■ **Your instructions**
Of the records that follow, copy only the lines from the line containing "Year 5 Tr 3" to the line containing "Lauren Gaylord (left)", both included, exactly as written.

■ **Records for the task**
▼▼▼

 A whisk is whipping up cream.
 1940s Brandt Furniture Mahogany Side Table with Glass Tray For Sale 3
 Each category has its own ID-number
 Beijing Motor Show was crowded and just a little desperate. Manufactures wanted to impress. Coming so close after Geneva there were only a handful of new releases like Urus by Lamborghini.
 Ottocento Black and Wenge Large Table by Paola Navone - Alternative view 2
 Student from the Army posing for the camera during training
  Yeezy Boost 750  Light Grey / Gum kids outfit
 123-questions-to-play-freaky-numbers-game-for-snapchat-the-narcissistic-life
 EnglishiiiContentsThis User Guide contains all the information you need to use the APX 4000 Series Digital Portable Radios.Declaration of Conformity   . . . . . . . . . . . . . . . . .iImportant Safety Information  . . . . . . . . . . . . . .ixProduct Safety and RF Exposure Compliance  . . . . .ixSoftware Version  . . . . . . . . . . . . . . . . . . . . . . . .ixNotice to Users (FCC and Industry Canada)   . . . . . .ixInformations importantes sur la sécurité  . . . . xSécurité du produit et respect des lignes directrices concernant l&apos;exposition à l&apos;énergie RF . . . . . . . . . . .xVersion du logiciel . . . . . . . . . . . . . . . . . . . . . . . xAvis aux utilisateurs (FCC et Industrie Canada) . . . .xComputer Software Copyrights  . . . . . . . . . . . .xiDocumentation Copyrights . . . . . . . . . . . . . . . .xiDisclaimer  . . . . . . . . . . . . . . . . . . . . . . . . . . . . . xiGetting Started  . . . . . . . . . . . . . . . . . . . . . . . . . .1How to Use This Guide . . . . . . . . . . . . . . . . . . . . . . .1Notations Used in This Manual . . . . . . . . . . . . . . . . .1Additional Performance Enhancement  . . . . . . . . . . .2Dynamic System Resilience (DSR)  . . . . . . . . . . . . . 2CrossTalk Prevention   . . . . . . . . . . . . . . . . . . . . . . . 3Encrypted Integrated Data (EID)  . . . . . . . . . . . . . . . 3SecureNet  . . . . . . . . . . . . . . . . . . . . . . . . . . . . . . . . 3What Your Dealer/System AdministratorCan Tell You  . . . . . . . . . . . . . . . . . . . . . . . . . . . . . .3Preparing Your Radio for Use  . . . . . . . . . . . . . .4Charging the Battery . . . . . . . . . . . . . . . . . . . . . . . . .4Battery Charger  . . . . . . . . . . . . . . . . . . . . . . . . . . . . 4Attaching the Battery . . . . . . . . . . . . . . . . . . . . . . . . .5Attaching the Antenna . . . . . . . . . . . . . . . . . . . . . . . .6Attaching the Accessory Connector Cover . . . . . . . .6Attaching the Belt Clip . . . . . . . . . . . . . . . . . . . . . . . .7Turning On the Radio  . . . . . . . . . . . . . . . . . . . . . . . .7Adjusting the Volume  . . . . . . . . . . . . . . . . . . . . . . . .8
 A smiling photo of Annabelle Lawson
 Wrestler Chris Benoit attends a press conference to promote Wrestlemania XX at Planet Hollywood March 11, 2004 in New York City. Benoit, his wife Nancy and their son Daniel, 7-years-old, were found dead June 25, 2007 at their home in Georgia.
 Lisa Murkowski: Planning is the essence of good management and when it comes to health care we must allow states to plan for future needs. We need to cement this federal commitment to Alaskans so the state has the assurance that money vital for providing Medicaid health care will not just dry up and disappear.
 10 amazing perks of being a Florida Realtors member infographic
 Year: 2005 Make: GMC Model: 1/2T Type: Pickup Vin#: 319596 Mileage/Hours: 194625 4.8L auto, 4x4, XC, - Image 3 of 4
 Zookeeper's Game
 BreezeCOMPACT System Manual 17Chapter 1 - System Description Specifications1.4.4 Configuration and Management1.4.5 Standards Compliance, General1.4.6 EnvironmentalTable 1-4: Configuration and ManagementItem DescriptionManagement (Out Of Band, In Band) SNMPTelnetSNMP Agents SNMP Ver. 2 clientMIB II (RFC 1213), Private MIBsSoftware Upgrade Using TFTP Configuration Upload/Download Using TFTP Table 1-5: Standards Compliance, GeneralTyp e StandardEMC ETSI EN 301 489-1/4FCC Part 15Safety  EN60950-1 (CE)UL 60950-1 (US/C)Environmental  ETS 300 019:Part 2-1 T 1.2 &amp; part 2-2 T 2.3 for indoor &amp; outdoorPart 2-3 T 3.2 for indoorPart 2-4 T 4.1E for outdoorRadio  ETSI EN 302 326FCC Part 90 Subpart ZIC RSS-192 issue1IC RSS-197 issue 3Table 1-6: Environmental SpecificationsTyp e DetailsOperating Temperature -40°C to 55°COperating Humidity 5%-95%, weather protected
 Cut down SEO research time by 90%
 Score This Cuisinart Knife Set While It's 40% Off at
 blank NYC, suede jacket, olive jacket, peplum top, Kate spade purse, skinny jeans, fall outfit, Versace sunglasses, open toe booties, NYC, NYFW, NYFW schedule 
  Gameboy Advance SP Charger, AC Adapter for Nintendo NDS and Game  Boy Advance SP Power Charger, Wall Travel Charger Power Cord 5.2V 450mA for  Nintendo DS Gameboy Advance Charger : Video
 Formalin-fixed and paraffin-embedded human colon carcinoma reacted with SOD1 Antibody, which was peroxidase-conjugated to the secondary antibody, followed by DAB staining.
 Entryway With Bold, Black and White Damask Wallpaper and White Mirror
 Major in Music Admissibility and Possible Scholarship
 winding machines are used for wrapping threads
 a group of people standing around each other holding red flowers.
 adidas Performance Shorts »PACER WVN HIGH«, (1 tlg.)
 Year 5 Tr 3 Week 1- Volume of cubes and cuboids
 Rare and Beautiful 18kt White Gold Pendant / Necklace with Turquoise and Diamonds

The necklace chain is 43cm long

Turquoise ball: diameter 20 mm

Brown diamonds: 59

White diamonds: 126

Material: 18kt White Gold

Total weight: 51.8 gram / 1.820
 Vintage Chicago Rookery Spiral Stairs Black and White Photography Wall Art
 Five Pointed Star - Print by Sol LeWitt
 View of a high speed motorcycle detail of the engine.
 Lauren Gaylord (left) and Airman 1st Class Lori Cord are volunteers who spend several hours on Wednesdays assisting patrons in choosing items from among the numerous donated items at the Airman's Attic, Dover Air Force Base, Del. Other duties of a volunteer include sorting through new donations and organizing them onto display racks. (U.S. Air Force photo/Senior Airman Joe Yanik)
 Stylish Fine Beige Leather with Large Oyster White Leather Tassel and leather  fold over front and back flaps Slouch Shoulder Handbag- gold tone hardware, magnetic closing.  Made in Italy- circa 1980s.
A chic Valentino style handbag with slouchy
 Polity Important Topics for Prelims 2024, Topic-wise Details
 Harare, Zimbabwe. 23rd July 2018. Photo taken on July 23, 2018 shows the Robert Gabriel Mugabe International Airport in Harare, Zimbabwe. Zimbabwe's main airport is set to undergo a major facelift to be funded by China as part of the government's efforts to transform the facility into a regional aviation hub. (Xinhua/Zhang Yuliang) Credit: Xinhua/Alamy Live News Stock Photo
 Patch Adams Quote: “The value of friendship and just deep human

▲▲▲

■ **Answer section**
 Year 5 Tr 3 Week 1- Volume of cubes and cuboids
 Rare and Beautiful 18kt White Gold Pendant / Necklace with Turquoise and Diamonds

The necklace chain is 43cm long

Turquoise ball: diameter 20 mm

Brown diamonds: 59

White diamonds: 126

Material: 18kt White Gold

Total weight: 51.8 gram / 1.820
 Vintage Chicago Rookery Spiral Stairs Black and White Photography Wall Art
 Five Pointed Star - Print by Sol LeWitt
 View of a high speed motorcycle detail of the engine.
 Lauren Gaylord (left) and Airman 1st Class Lori Cord are volunteers who spend several hours on Wednesdays assisting patrons in choosing items from among the numerous donated items at the Airman's Attic, Dover Air Force Base, Del. Other duties of a volunteer include sorting through new donations and organizing them onto display racks. (U.S. Air Force photo/Senior Airman Joe Yanik)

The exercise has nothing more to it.